So, know that I'm working on losing weight and getting into better shape. My ultimate goal is to lose 100 lbs. Nearly a year ago, I was at my highest weight at 243 lbs. When I joined MFP at the beginning of March, I weighed 235 lbs. Today, I weigh 225 lbs. My goal weight is 135 lbs. I'm giving myself two years to get there. By that time, working out and healthy eating should be part of my life and not a daily challenge. At this point, I'm still really excited about the journey and my ability to accomplish my goals.
In an effort to keep myself motivated, I joined the latest MFP Elimination Challenge this week! I'm new to these online fitness challenges. But this is what I know about this one so far...
- weigh-in is every Friday, but no later than 10am Saturday morning. If I don't log my weight, even if it doesn't change, I will be eliminated.
- there will be a weekly challenge that will run Monday through Friday. I must complete the challege successfully. If I don't, I will be eliminated.
- I must log my progress of the weekly challenge at least twice during the week. If I don't, I will be eliminated.
- everyone is encouraged to use the forum to chat, banter, ask questions, provide support, and take advantage of the opportunity to friend others taking the challenge. Playful trash-talking is welcome, but rude, insensitive comments will not be tolerated and will be cause for elimination.

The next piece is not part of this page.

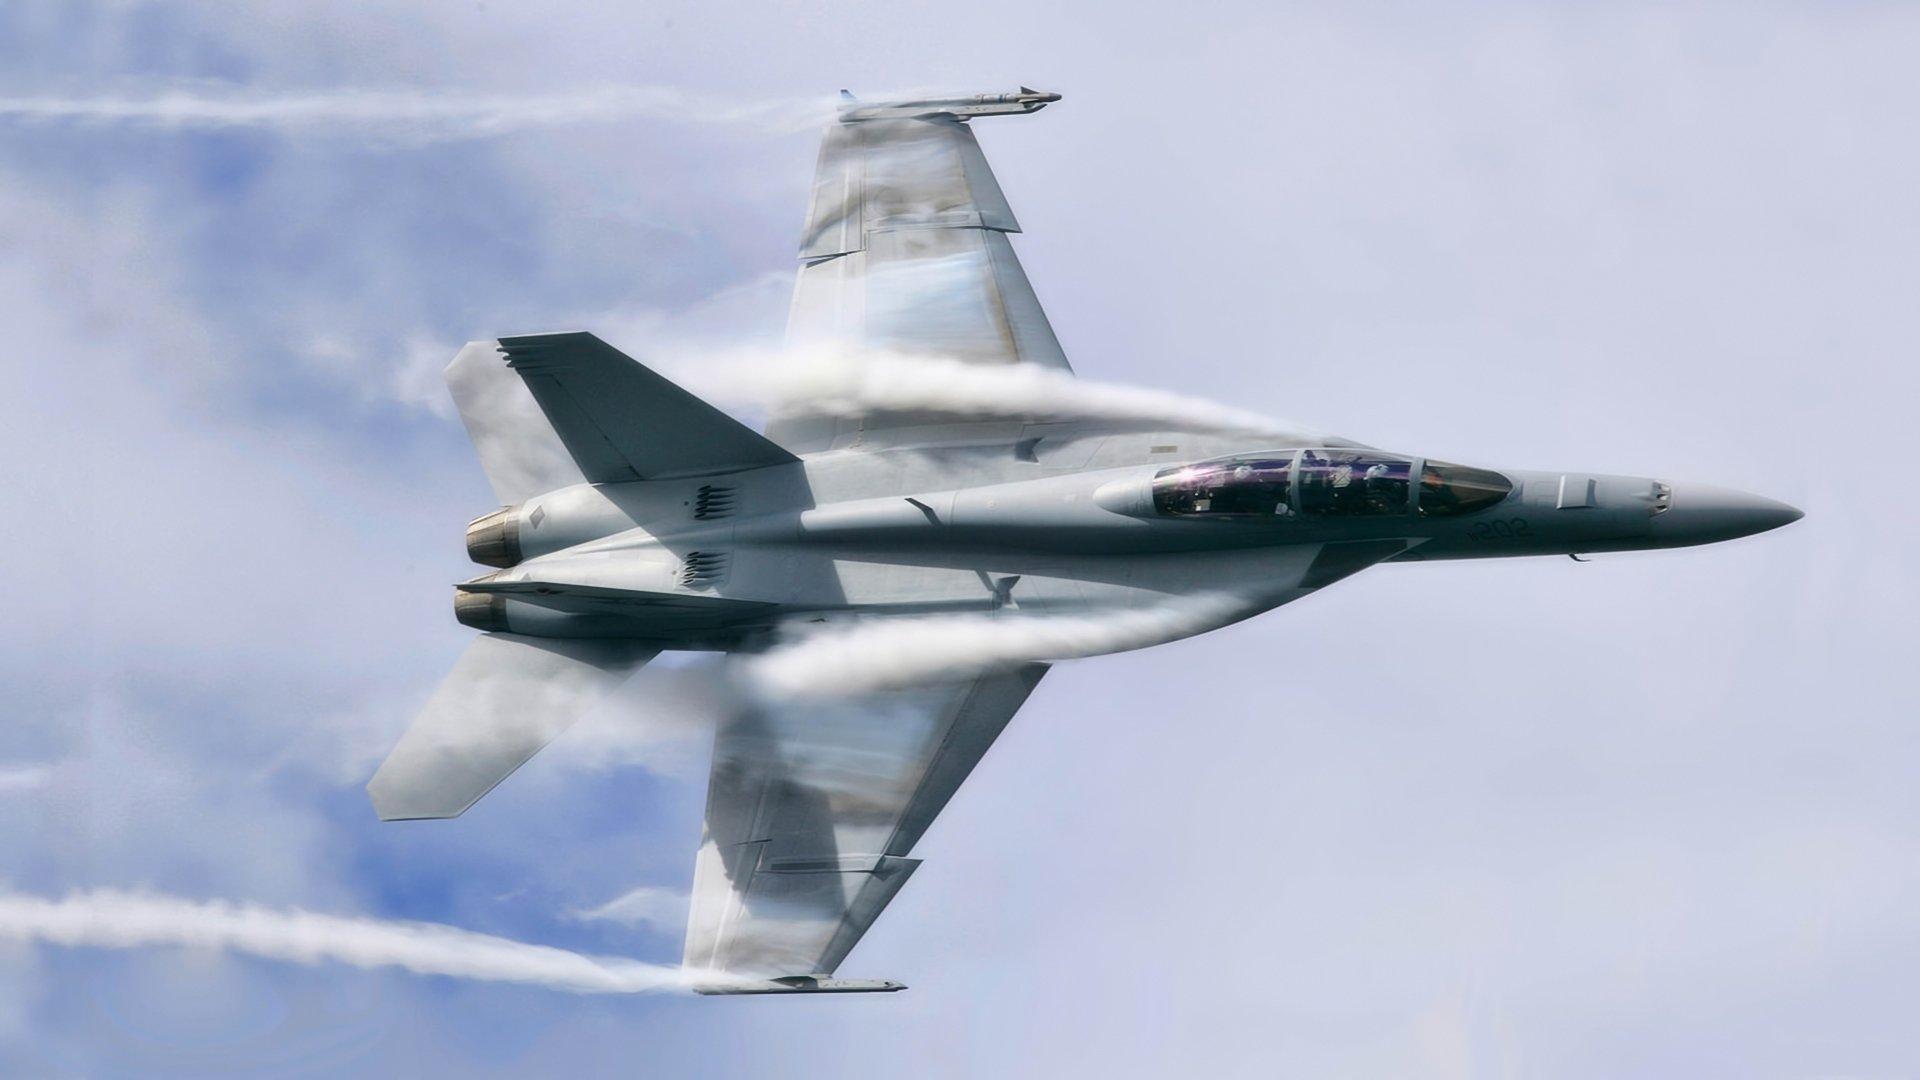 Boeing F A 18e F Super Hornet Wallpapers Hd For Desktop Backgrounds

- the first week (possibly the first two) is all based on individual effort. After that, remaining players will be put on teams.
- WORKOUT - I have to burn 1100 calories between Monday and Friday this week. And I have to do it with at least three workouts that last at least 25 minutes. If I do more, I should post exactly what I did. If I don't complete this, I will be eliminated.
- REPS - I have to do 400 reps of anything during the week. I can mix and match what I'm doing reps of and they have to be in increments of 25. For instance, I can do 50 crunches, 100 squats, 25 bicep curls, etc. But I have to do a minimum of 150 reps on two days of the week. If I don't complete this, I will be eliminated.
- HARD REP - I have to pick one thing that is normally done in reps that I HATE or STRUGGLE WITH. No problem! It should be something that I can only do 1 - 5 reps of. In Week #1, I only have to specify what my Hard Rep is and how many I can do. The thing I struggle with the most is push-ups. I can't even do one...girl-style! Sad, but true. But because I don't expect to be able to do many more than 0 in the next 11 weeks, I'm listing planks as my hard rep. Currently, I can do 3 10-second planks.
- FAVORITE REP - I have to pick one thing that is normally done in reps that I ENJOY doing. I have to provide the number of them that I'm comfortable doing...and then add 10 to it for the first week. For instance, Jumping Jacks (100) or Crunches (25). I have to do this exercise four days between Monday and Friday. Since I feel like I'm getting plenty of cardio workouts in during the week, I'm choosing squats for my favorite rep. I can do 20 fairly easily...so I'll be doing 30 for this challenge. And I have to complete this four days of the week. If I don't, I will be eliminated.
The keeper of the contest says that no one gets eliminated in the first week (as long as they log in), even with a weight gain. So, that means I'll be telling you all about Week #2 next Sunday! Wish me luck!